Considering that SVD decomposition on large matrices needs extremely large memory resources, we reduce the vocab size in word embedding to 25,000, which can be handled by a 16GB-memory device. Moreover, previous works Yin and Shen (2018) have showed that as long as the vocab size is beyond a threshold (i.e., 10,000), the performance will not degrade much even when the vocab size is reduced.

6.1 Context-unavailable Tasks

Dataset	Embedding	Human Score
Chinese	BERT	0.79
	$k^{*}$ (PIP)	1.12
	$k^{*}$ (PCA)	1.08
	$k^{*}$ (MPD)	1.38
English	BERT	0.68
	$k^{*}$ (PIP)	1.12
	$k^{*}$ (PCA)	1.05
	$k^{*}$ (MPD)	1.29

Table 3: Performance (Human score) on semantic expansion using different word embeddings, which are generated by GloVe with PIP, PCA or MPD. Particularly, empirically optimal dimension

k^{+}

(Optimal) is not used because it is selected according to the final performance and such a selection is not plausible on semantic expansion since hundreds of times of human annotation are required.

Experiment Settings

We conduct experiments on the following two tasks in which contexts are unavailable.

•

Word similarity: The quality of each embedding is evaluated on the following five benchmarks: WordSim353 Finkelstein et al. (2001), MTurk777 Halawi et al. (2012), MC Miller and Charles (1991), MEN Bruni et al. (2014), RG Rubenstein and Goodenough (1965), and RW Luong et al. (2013). Each dataset contains a list of word pairs with human scores. The performance is measured by the correlation between the cosine similarities of word vectors and human scores.
•

Semantic expansion (SE): The Chinese and English entity list in TexSmart Liu et al. (2021) is selected. Then, a word embedding trained with a selected dimension is applied to each entity to retrieve its related entities. Finally, the top five expansion results of each input entity are judged by human annotators in terms of quality and relatedness. Each result is annotated by two annotators, and a label of 2, 1 or 0 is assigned, corresponding to highly related, slightly related, and not related, respectively.

Results

The performances of different dimension selection methods on word similarity and semantic expansion are listed in Table 2 and Table 3, respectively.

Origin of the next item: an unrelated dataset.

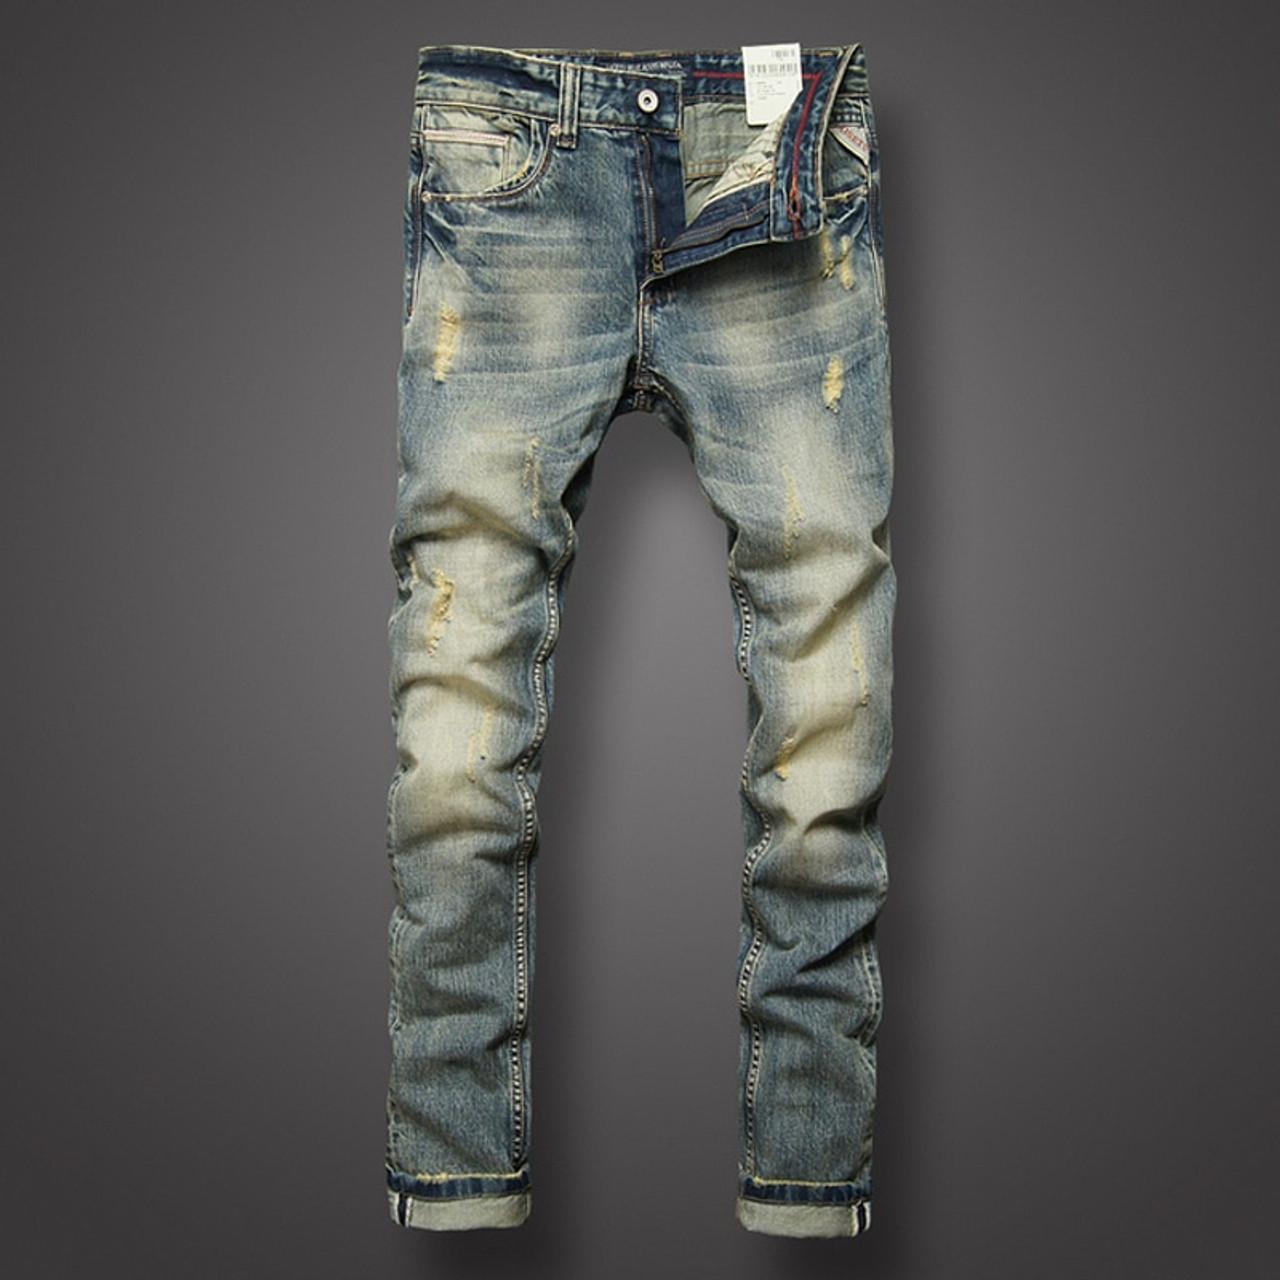 1b769bf36a0 ... Italian Style Fashion Mens Jeans Retro Design Slim Fit Denim Ripped  Jeans Mens Pants Brand Clothing ...
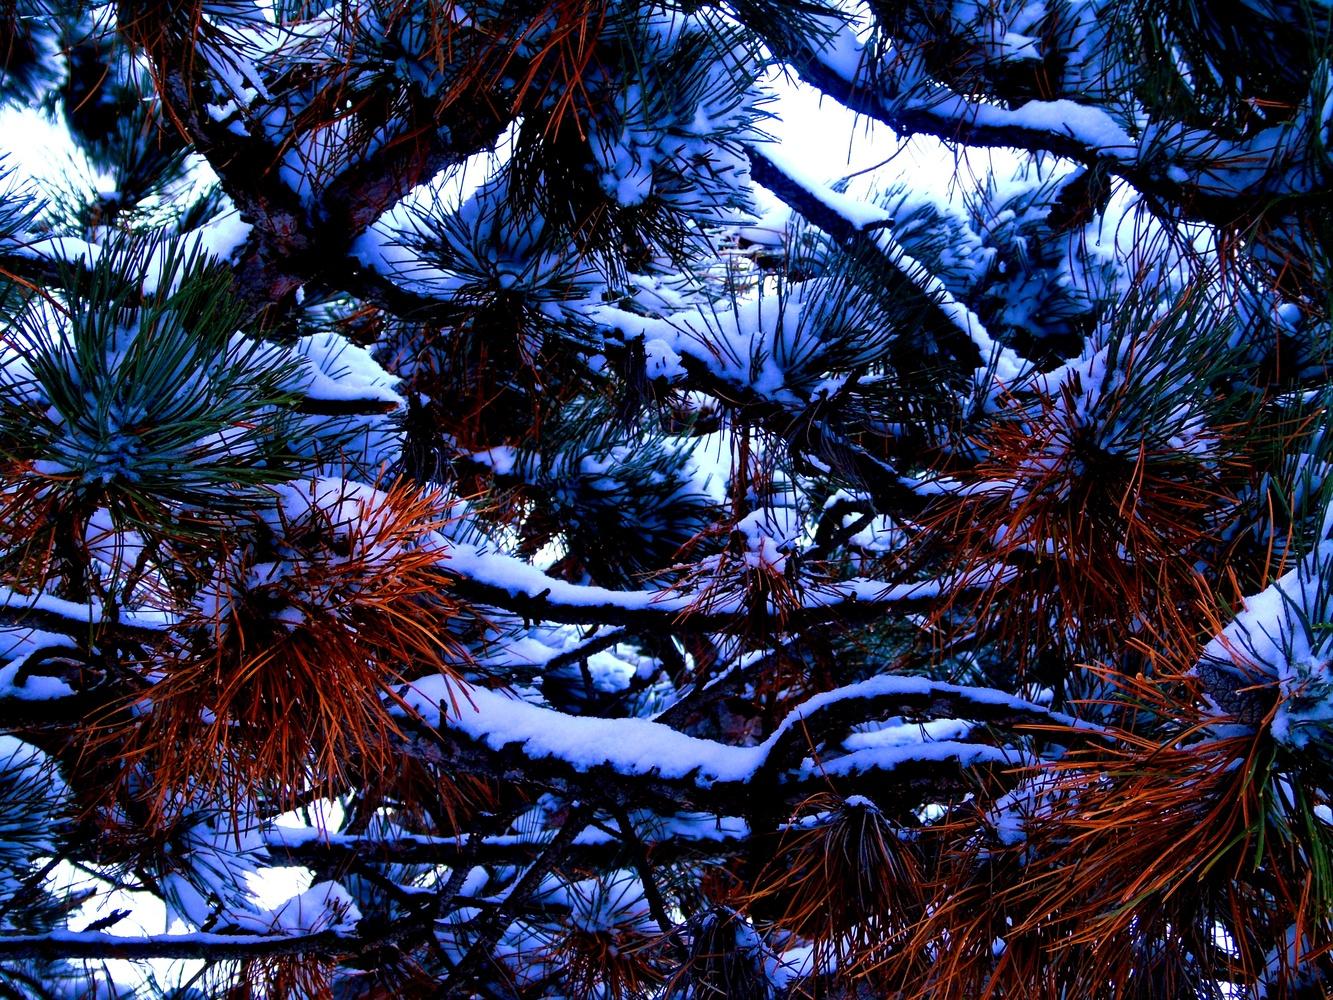 Winter's Day by Gail Jordan

First of all, we can see BERT Devlin et al. (2018) performs catastrophically on context-unavailable tasks since the dynamic embedding generation is based on contextual learning. Then, MPD outperforms the baselines (PIP and PCA) in the word similarity tests because the post-processing function in MPD can diminish the impact of word frequency on the oracle matrices. Finally, MPD outperforms the baselines on semantic expansion because of the incorporation of the post-processing function, which enables the dimension selection method to neglect redundant components and capture word semantics better.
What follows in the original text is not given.